La route du leadership, en mettant l'accent sur la réalisation des objectifs, l'obtention de résultats et de performances financières, ainsi que des niveaux accrus de stress, pourraient donc conduire à l'érosion de l'empathie, même chez le leader le plus bien intentionné. En réalité, la recherche suggère que le pouvoir rend les gens plus susceptibles d'agir d'une manière cohérente avec leurs objectifs - en augmentant la persévérance et la saisie des opportunités. Mais cette focalisation sur l'objectif les rend également plus susceptibles d'ignorer les informations périphériques, qui dans des situations sociales, peut être perçu comme un manque d'empathie.
La société Enron, dont les dirigeants ont été reconnus coupables de fraude et de complot, fournit un exemple extrême d'érosion de l'empathie avec des augmentations de puissance. Alors qu'Enron a adopté une déclaration officielle des principes des droits de l'homme prônant le respect, intégrité, communication et excellence, des revues rétrospectives de leadership les décrivent comme immorales, arrogant et mercenaire - exploitant les failles, manipuler les marchés et gonfler les profits dans le but de réussir.
Plus récemment, l'inquiétude concernant les abus de pouvoir des dirigeants s'est déplacée vers l'industrie de la technologie avec les directeurs généraux de Facebook, Twitter et Amazon sont de plus en plus surveillés.
Mais est-ce vraiment la faute du patron ? Le pouvoir et l'empathie dans le leadership sont une dynamique complexe.
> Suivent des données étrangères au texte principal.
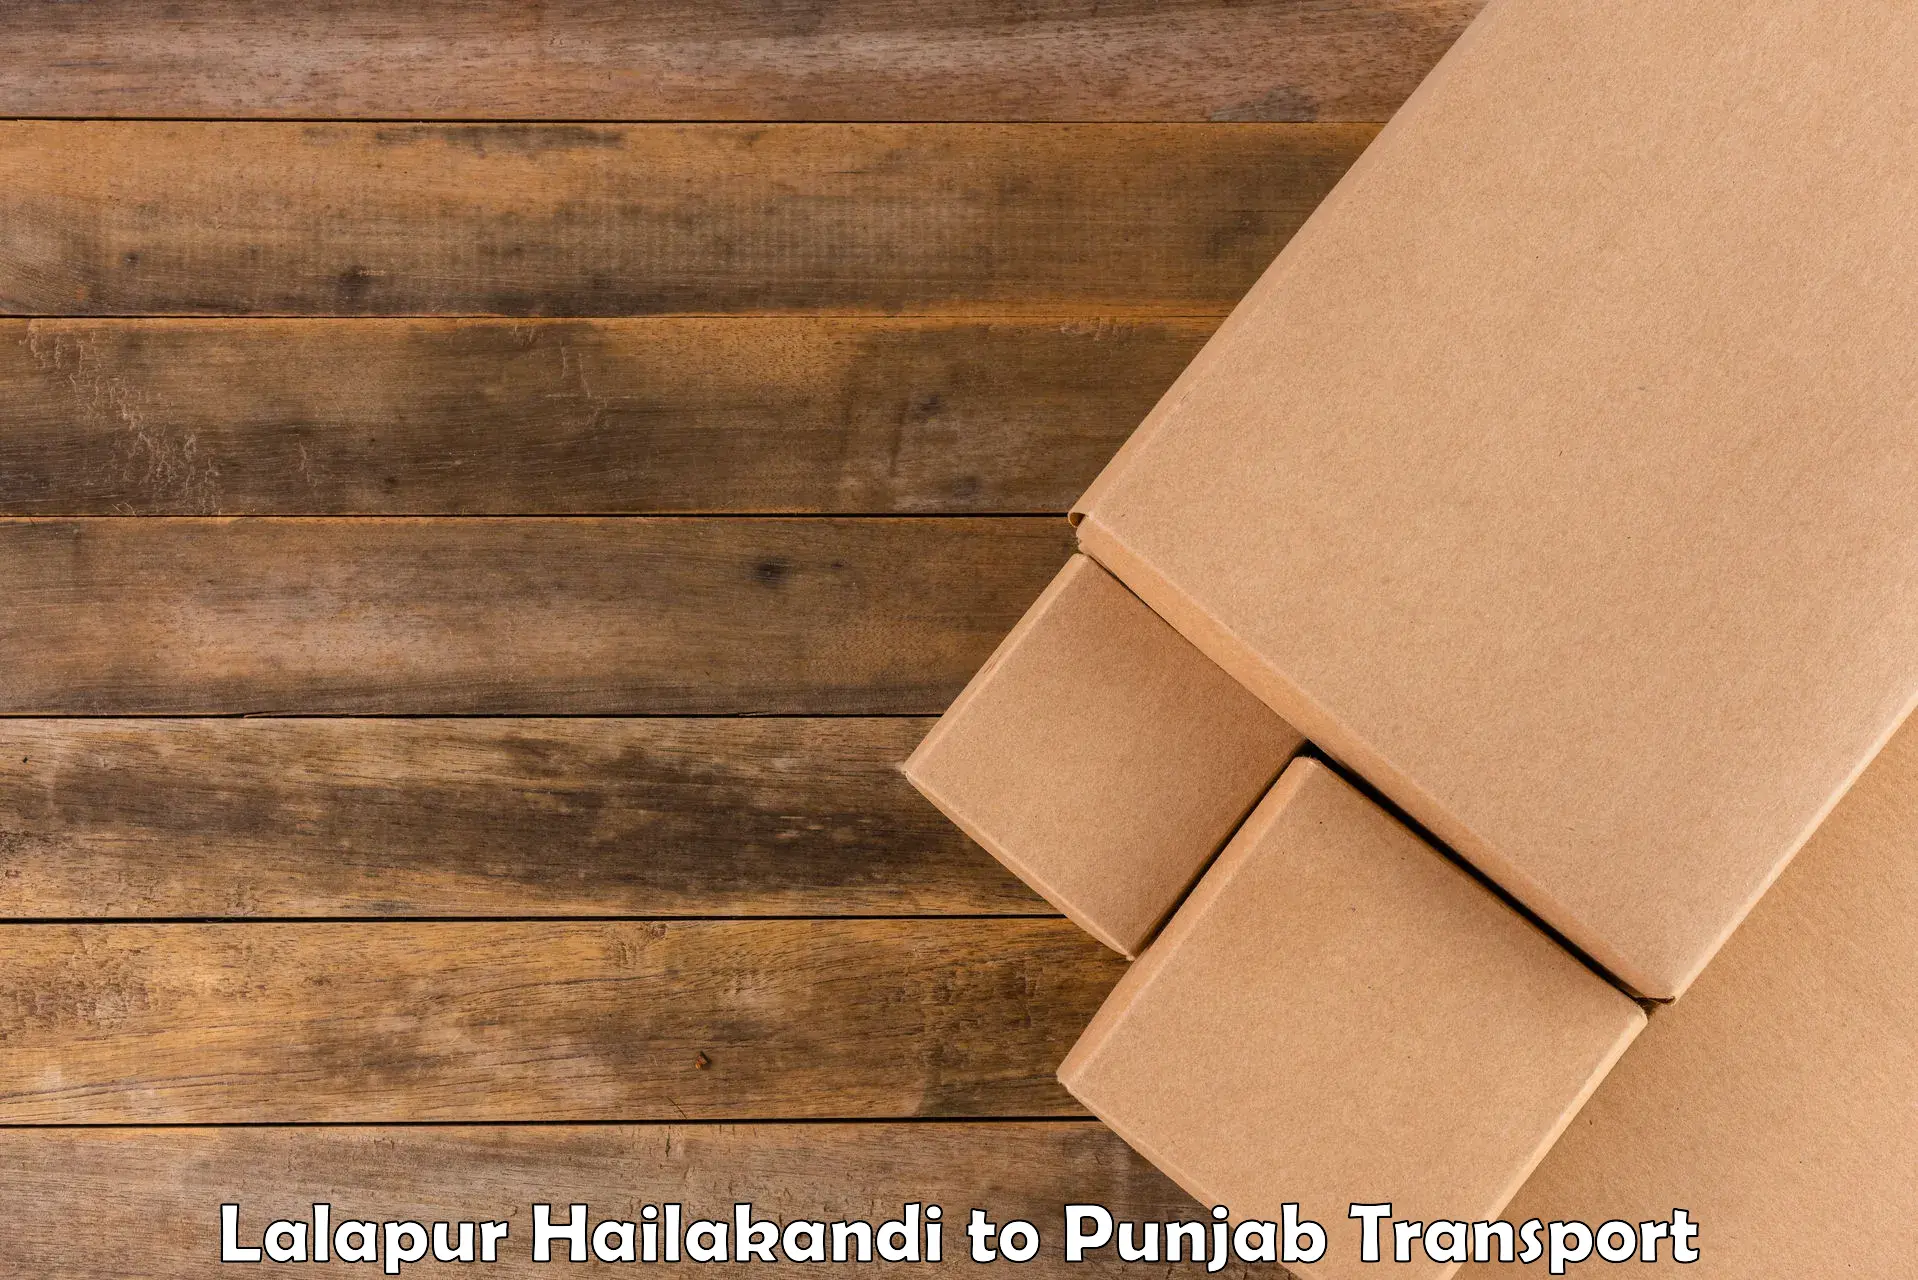 Bike shipping service Lalapur Hailakandi to Mohali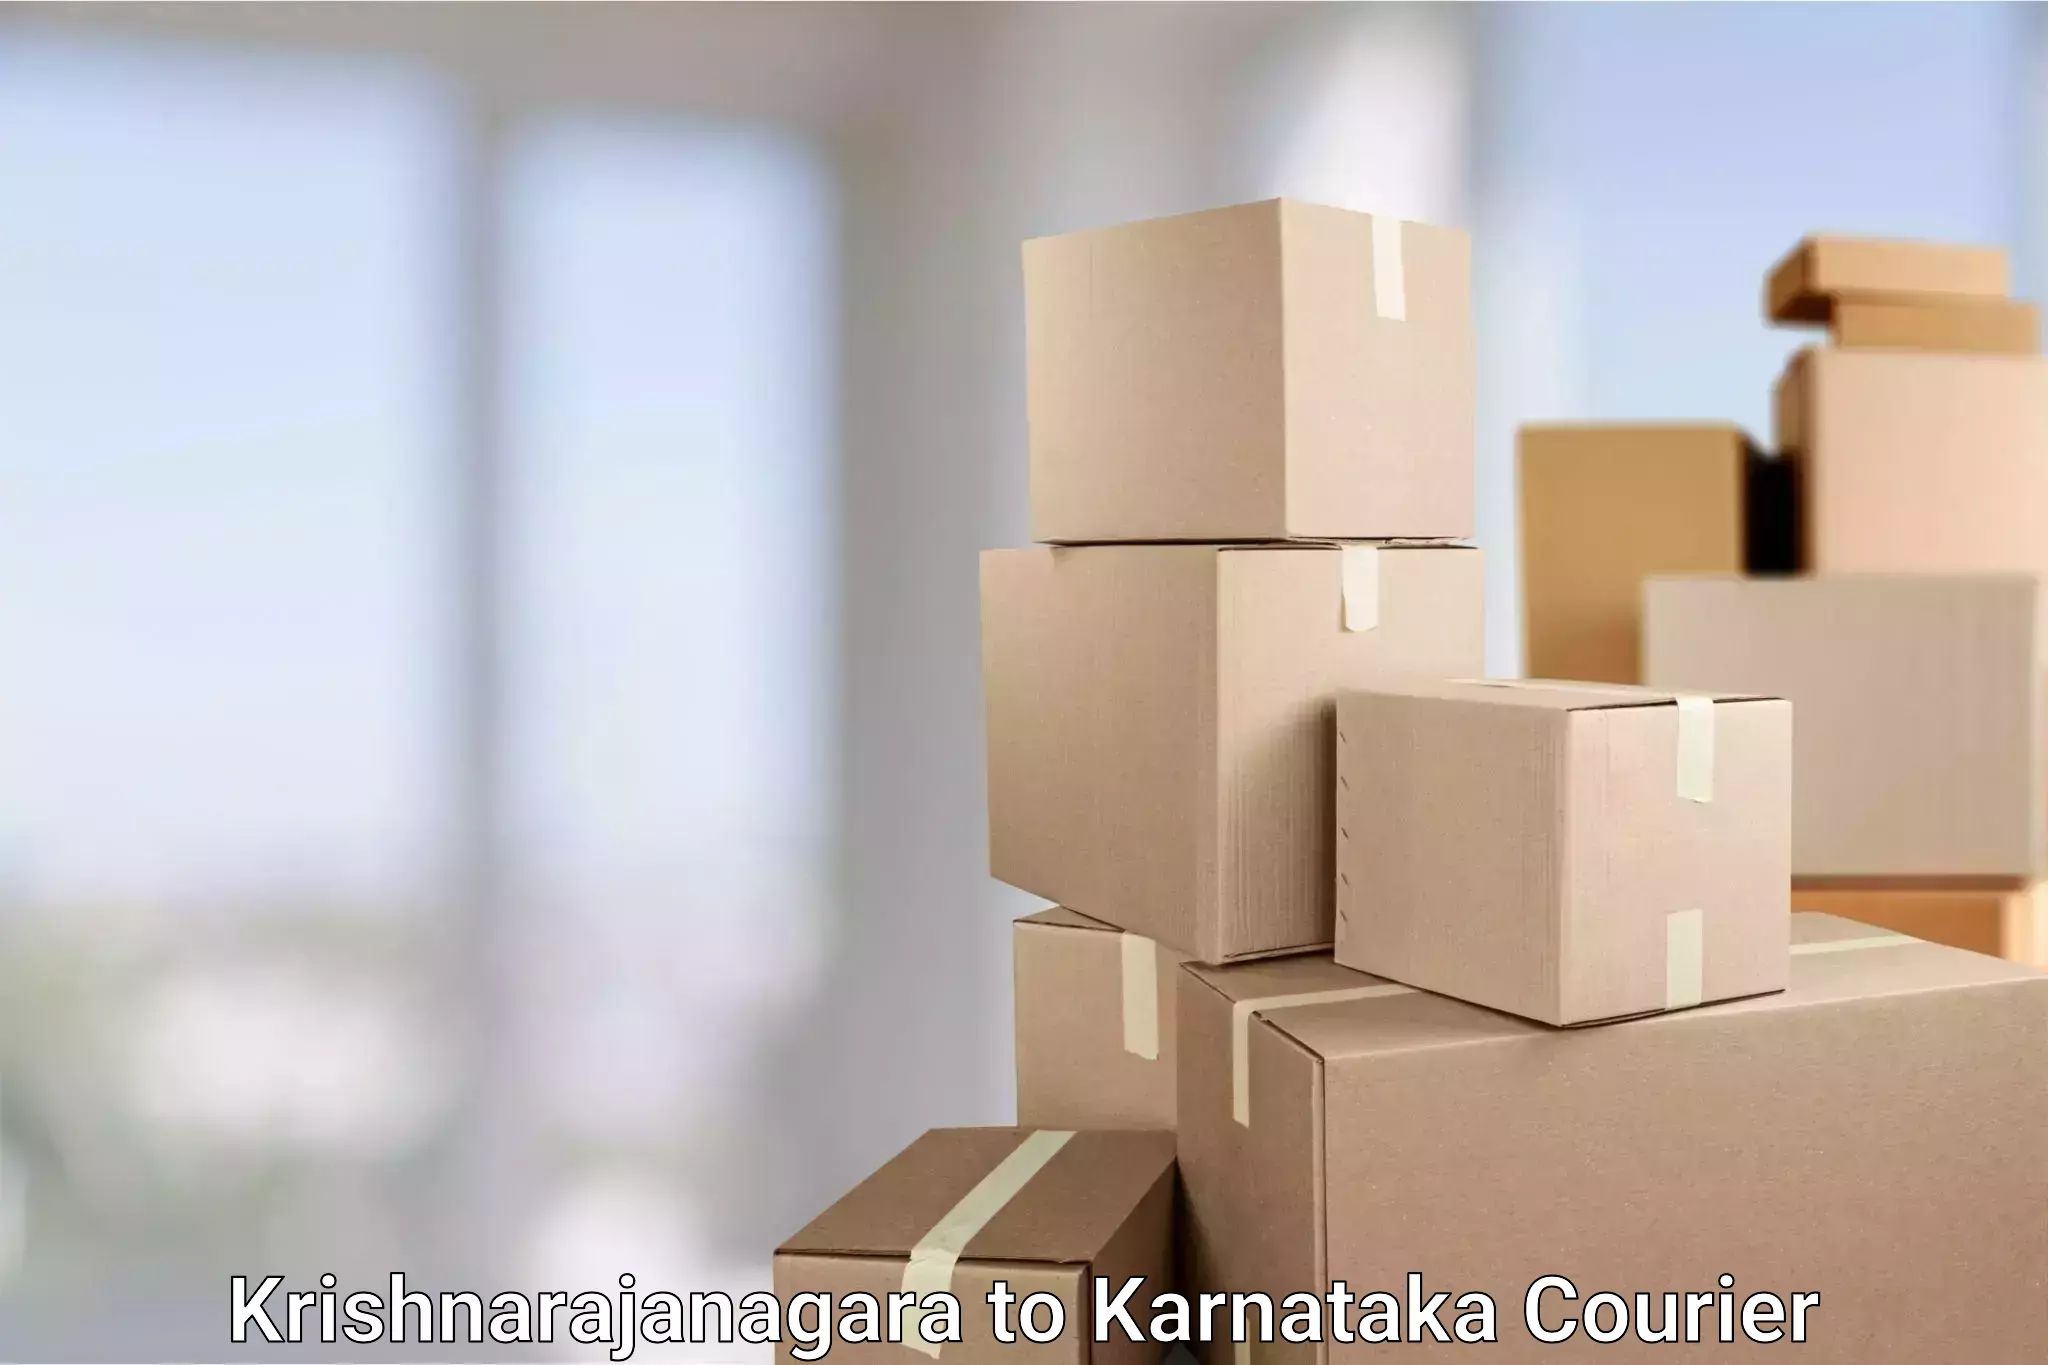 Express mail service Krishnarajanagara to Karnataka

Le livre de Baron-Cohen illustre que ce ne sont pas seulement les dirigeants qui peuvent désactiver l'empathie, les adeptes peuvent le faire aussi. Si les résultats du pouvoir nous sont bénéfiques, se pourrait-il que nous oubliions même un manque d'empathie chez nos dirigeants ?
Dans un paysage politique de plus en plus polarisé, nous voyons des opinions politiques différentes contestées, pas par le débat et la discussion, mais par le comportement tribal. Nous considérons souvent les groupes auxquels nous appartenons comme dignes d'empathie, le respect et la tolérance, mais pas les autres. Quoi de plus, des recherches récentes ont identifié que nous récompensons nos dirigeants pour être des opposants - niant, réfuter ou critiquer les autres, plutôt que de les responsabiliser.
Donc oui, le pouvoir peut certainement corrompre. Cela dit, si nous voulons créer des leaders vraiment empathiques, nous devons tous remettre en question notre propre comportement.
Cet article est republié à partir de The Conversation sous une licence Creative Commons. Lire l'article original.